Иван Толстой: Что написано в России о тайной полиции? – разговор продолжает Олег Будницкий.



Олег Будницкий: Есть любопытные мемуары и жандармские, мемуарный очерк небольшой, но очень занимательный Анатолий Федоровича Кони о Петре Шувалове, который был начальником Третьего отделения с 1866 по 1874 год, и который получил кличку Петр Четвертый. Появилась даже такая эпиграмма:



Над Россией распростертой


стал внезапною грозой


Петр по прозвищу Четвертый,


Император же второй.



То есть такой аналог всесильного временщика, хотя, конечно, Шувалов не был свирепым и всевластным. Но что-то такое было, он умело запугивал императора. После покушения Каракозова тот был в некотором недоумении, в панике. И вот 8 лет Шувалов эксплуатировал царские страхи, нагнетал ужасы, пользовался колоссальным доверием и властью. Правда, когда император осознал, что тут есть некоторый перегиб, то он сказал за карточной игрой: «Шувалов, знаешь, я назначил тебя послом в Лондоне». Так и кончилась блестящая карьера «Петра Четвертого», ибо для любого другого назначение послом в Лондоне, на важнейший дипломатический пост, было бы важным и почетным, но для человека, который фактически стал первым лицом в государстве это была, разумеется, ссылка. И Шувалов уже никогда не смог вернуть себе прежнего положения, хотя он продолжал занимать крупные посты.
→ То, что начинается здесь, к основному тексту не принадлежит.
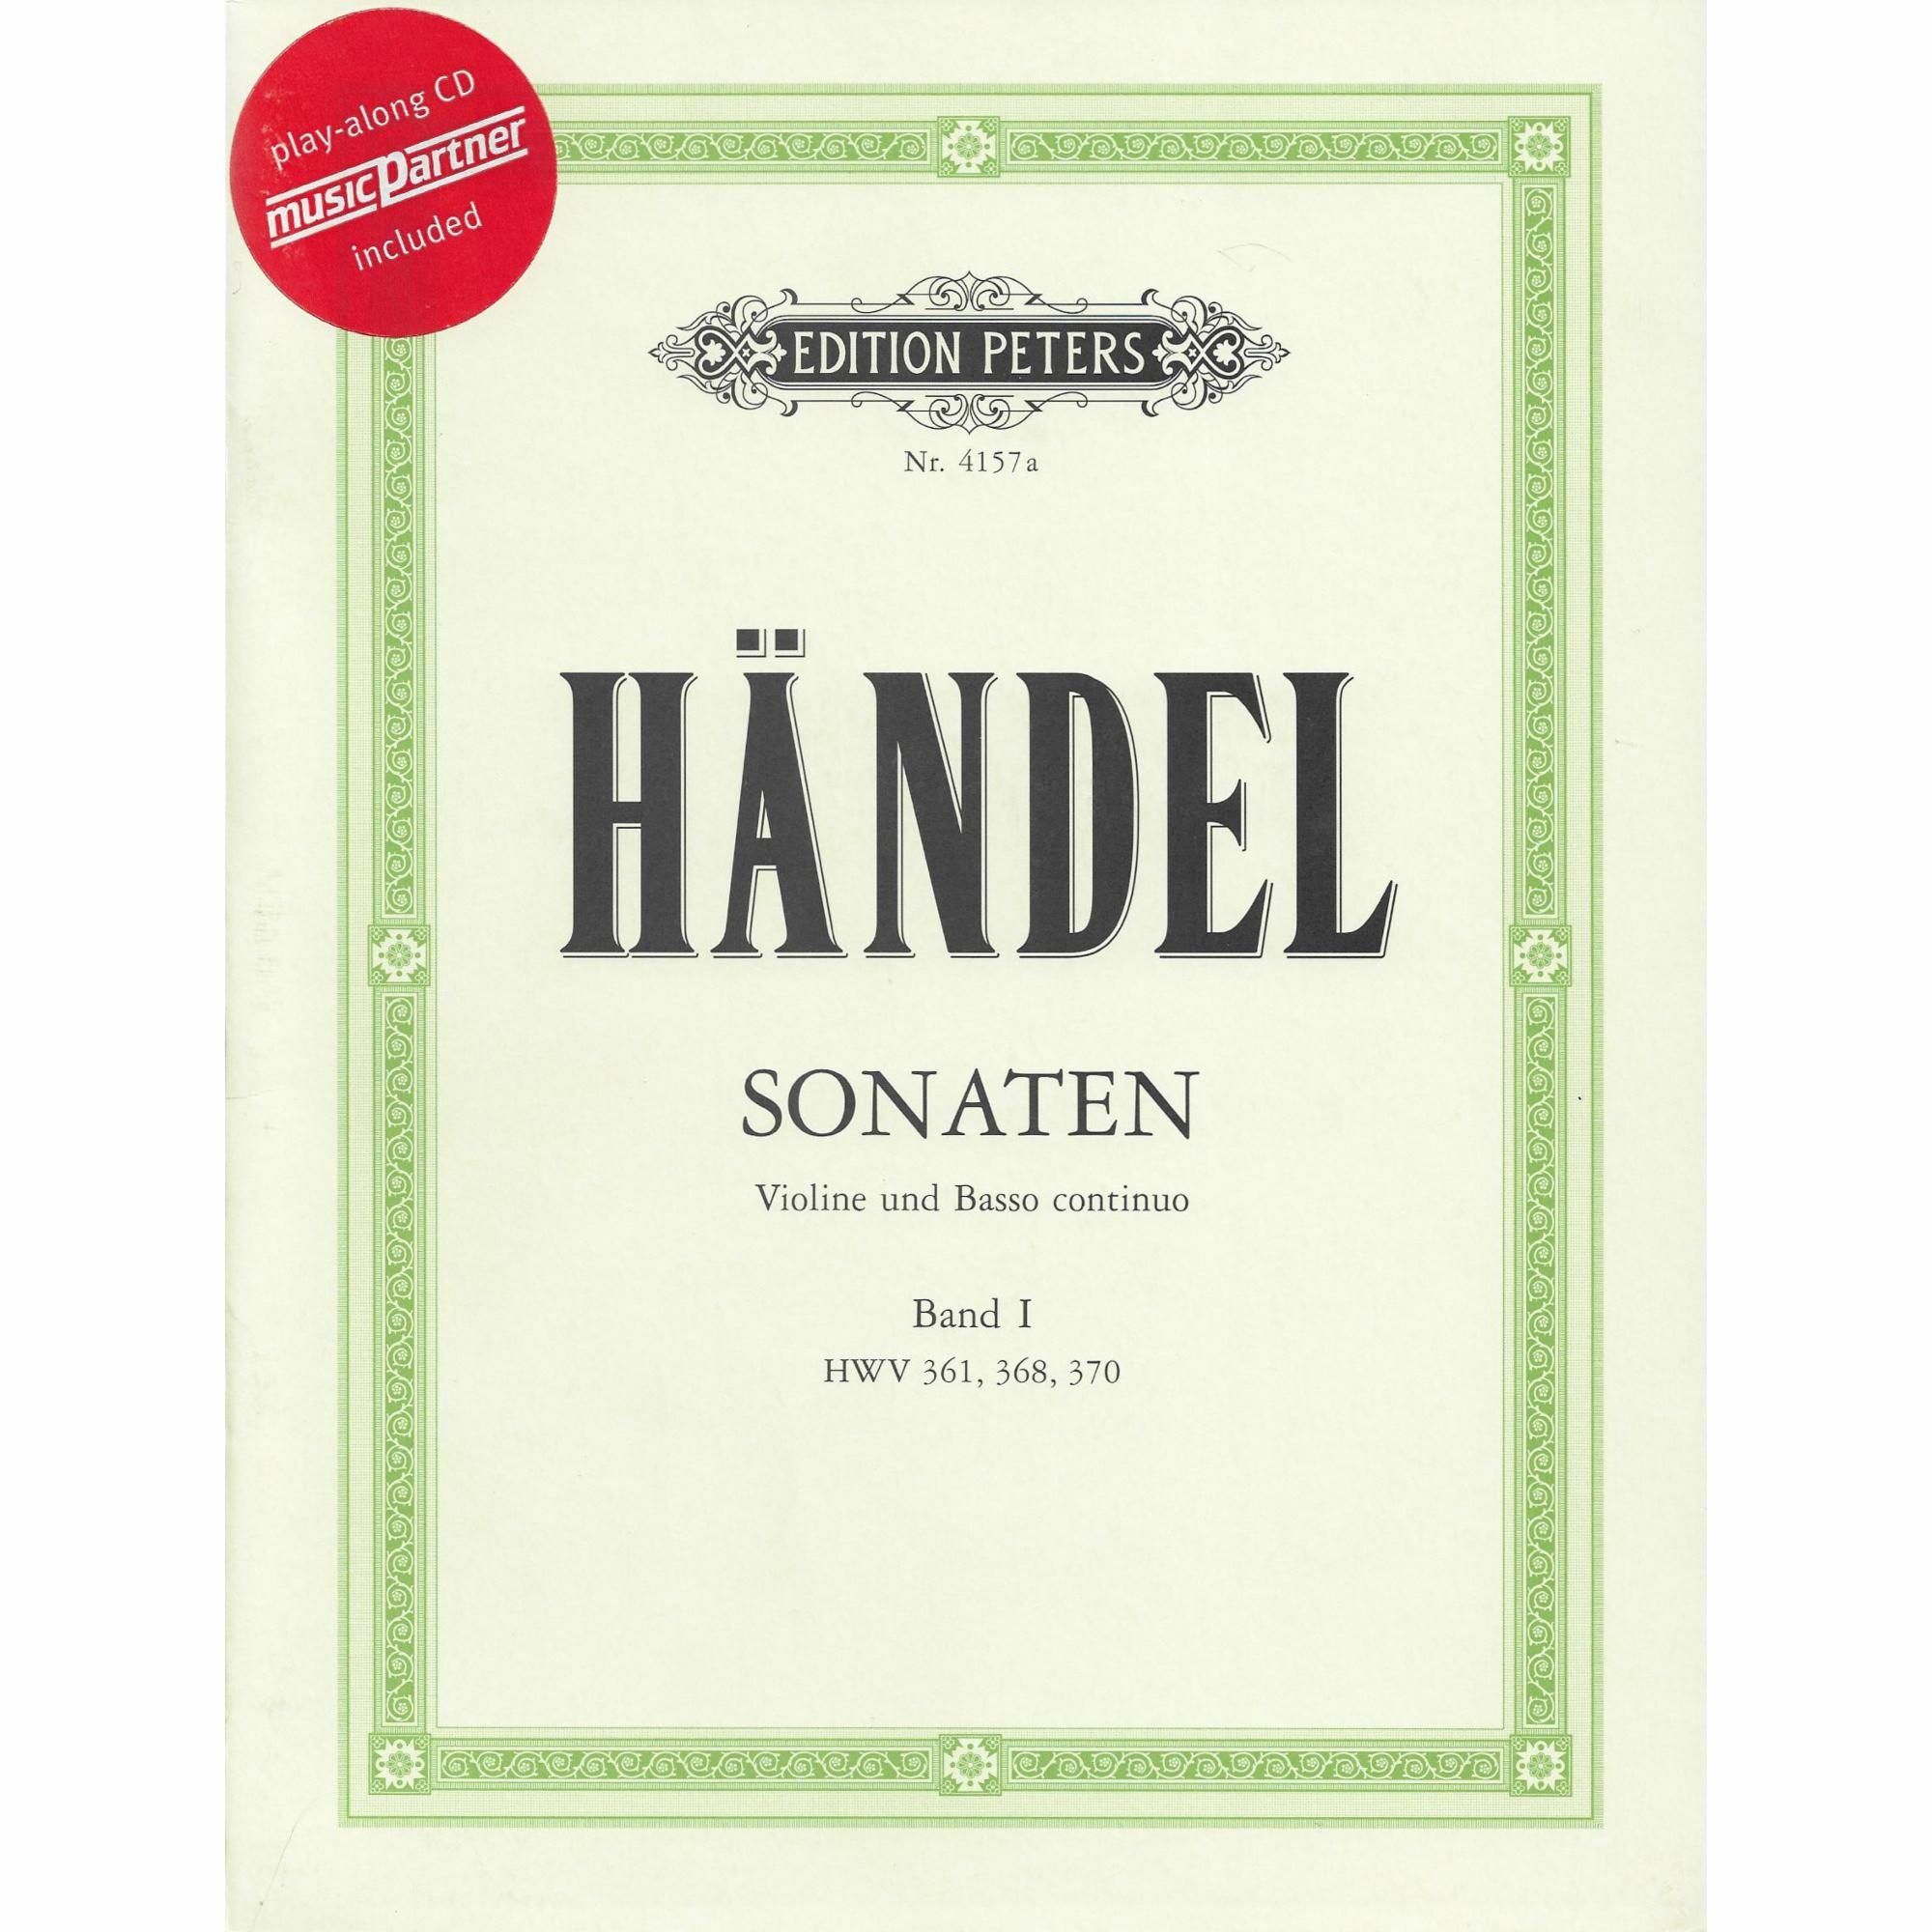 Handel -- Sonatas, Volume I for Violin and Basso Continuo

Иван Толстой: В общественном, в культурном сознании, еще со школьных лет фигура Фаддея Венедиктовича Булгарина плотно, тесно, неразрывно связана с Третьим отделением и с понятием о литературном и общественном доносе. Светлая сторона олицетворяется Пушкиным в нашем сознании, темная сторона олицетворяется Булгариным. Вы написали книгу о Булгарине. Как вы оцениваете сейчас эту фигуру, тем более, что за последние 15 лет произошла очень серьезная переоценка русского прошлого и всего, что связано с монархией, с властью, с прежними представлениями о добре и зле?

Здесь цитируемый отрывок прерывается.